Obama, der Lügner

Mit jedem Tag wächst der Schaden, den die NSA-Affäre im deutsch-amerikanischen Verhältnis anrichtet. Die Hauptverantwortung dafür trägt der Präsident der Vereinigten Staaten, der sich nicht nur als skrupelloser Ablauscher, sondern auch als dreister Lügner erwiesen hat.

Zugleich wird abermals deutlich, wie verlogen das Geschäft der internationalen Diplomatie ist. Die Scheinheiligkeit der Politiker in diesem Punkt ist kaum zu überbieten.

Menschen, die nicht naiv sind, wissen: Alles, was technisch möglich ist, wird auch gemacht. Amerikaner, Russen, Chinesen, Deutsche - allesamt lauschen und spionieren sie, die einen mehr, die anderen weniger. Aber nicht alles, was machbar ist und gemacht wird, darf auch akzeptiert werden. Es ist ja gerade das Ziel von Politik, Regeln zu schaffen, die ein halbwegs erträgliches Zusammenleben der Völker und Bürger ermöglichen.

In der seit Jahren schwelenden Euro-Krise wird immer wieder darauf hingewiesen, warum es so wichtig ist, das Vertrauen der Finanzmärkte wiederherzustellen. Auch in der Politik ist Vertrauen die wichtigste Währung. Denn ohne Vertrauen werden die Menschen zynisch, sie nehmen nichts mehr ernst und entwickeln ein Verhalten, das wie ein schleichendes Gift wirkt. Am Ende steht dann genau jener Typus, der seine Interessen nicht mehr im Wettbewerb der Kräfte und Ideen durchzusetzen versucht, sondern mit fragwürdigen, "geheimen" Mitteln. Der Chef des Industrieverbands BDI, Ulrich Grillo, fordert zu Recht die internationale Ächtung von Wirtschaftsspionage. Sie ist nichts anderes als geistiger Diebstahl.

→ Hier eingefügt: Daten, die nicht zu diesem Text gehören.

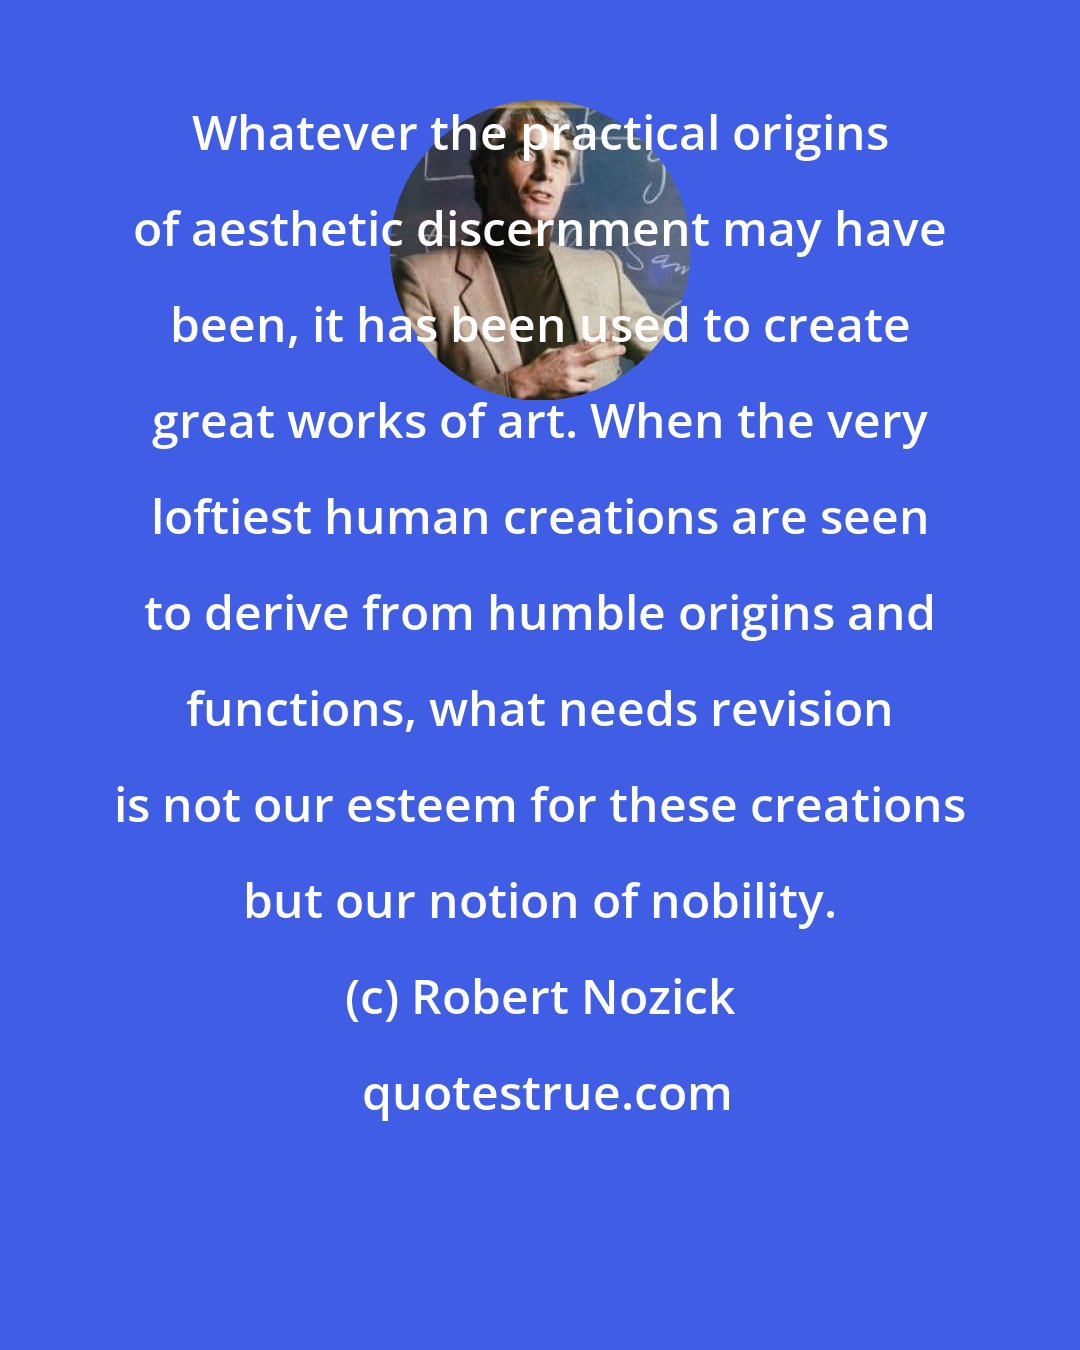 Robert Nozick: Whatever the practical origins of aesthetic discernment may have been, it has been used to create great works of art. When the very loftiest human creations are seen to derive from humble origins and functions, what needs revision is not our esteem for these creations but our notion of nobility.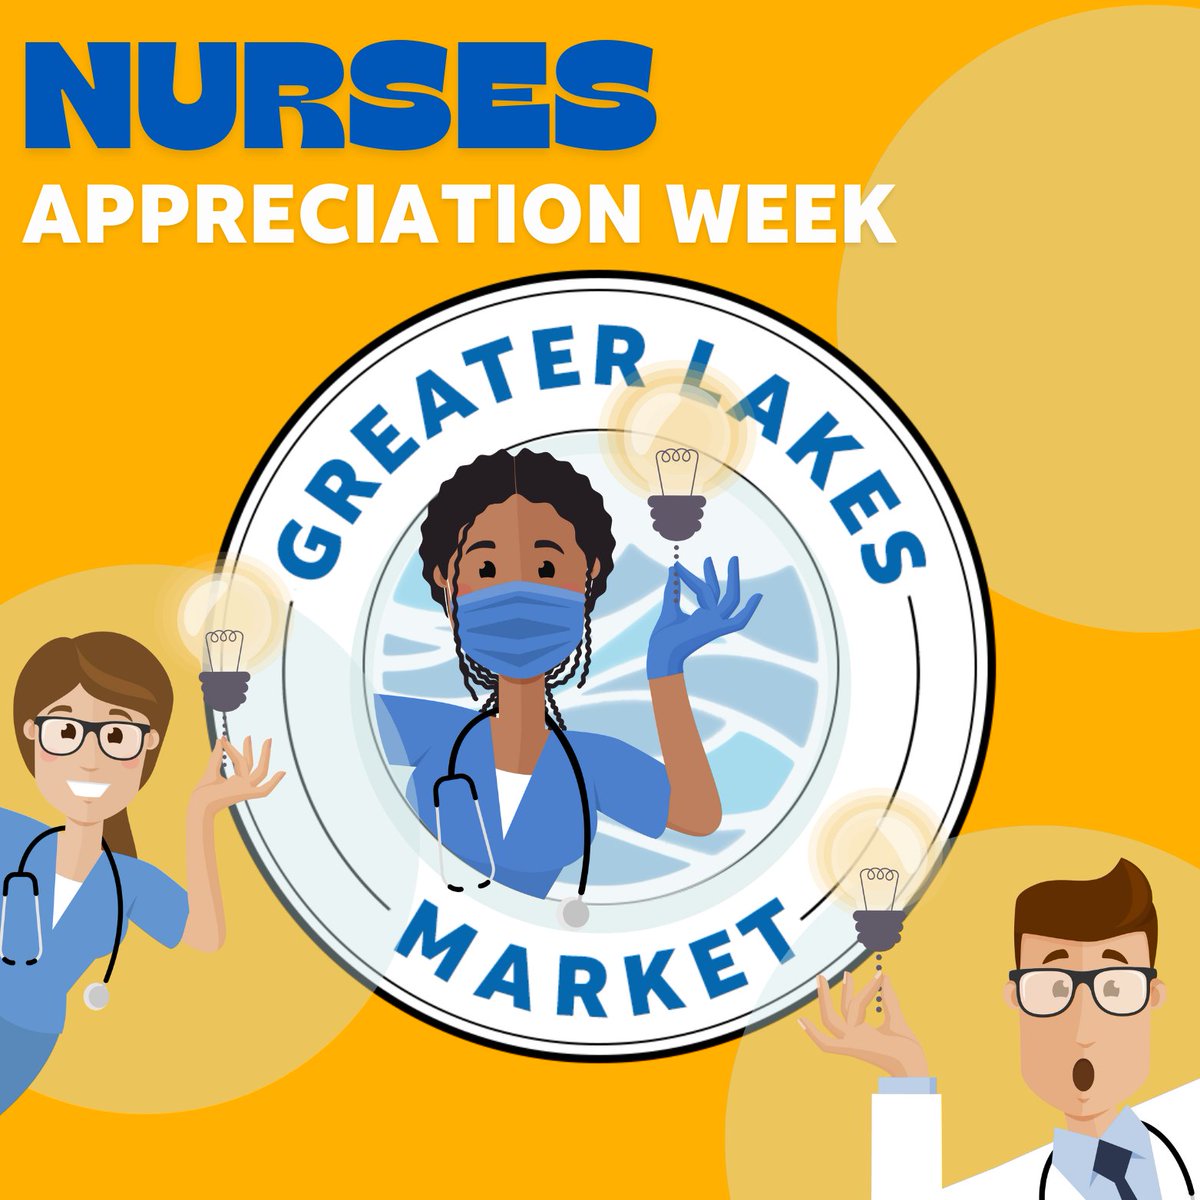 It's Nurses Appreciation Week! Here's to our everyday superheroes - thank you for all that you do! If you have a nurse in your life, check out this link to find some amazing discounts and freebies for 2024! nurse.org/articles/free-… #MakingHealthCareWaves 🫶🌊

Auf die Zyniker und Schulterzucker, die sich "Realisten" nennen und das gegenseitige Belauschen und Hintergehen als naturgegeben hinnehmen, sollte man nicht hören. Es wäre die Kapitulation des zivilisatorischen Geistes vor Egoismus, Kapitalismus und Imperialismus. Die Amerikaner dürfen eben nicht alles machen, was sie wollen, und Deutschland und Europa dürfen sich eben nicht alles gefallen lassen. Sie sollten vielmehr endlich anfangen, dem Heuchler im Weißen Haus selbstbewusst und entschieden entgegenzutreten. Als erster Schritt bietet sich die Aufnahme des Whistleblowers Edward Snowden in Deutschland an, folgen muss alsbald eine europäische Initiative zum Aufbau einer eigenen digitalen Infrastruktur.

Über das Abhören der Kanzlerin sollten wir nicht weiter lamentieren. Wir sollten vielmehr froh sein, dass dieser Vertrauensbruch öffentlich geworden ist. Denn nur so besteht die Chance, dass unsere blauäugigen Volksvertreter, die in ihrer blinden Bewunderung für "die amerikanischen Freunde" ihre Schutzpflichten für die Bevölkerung vernachlässigt haben, endlich aufwachen und Gegenmaßnahmen ergreifen. Es wird Zeit.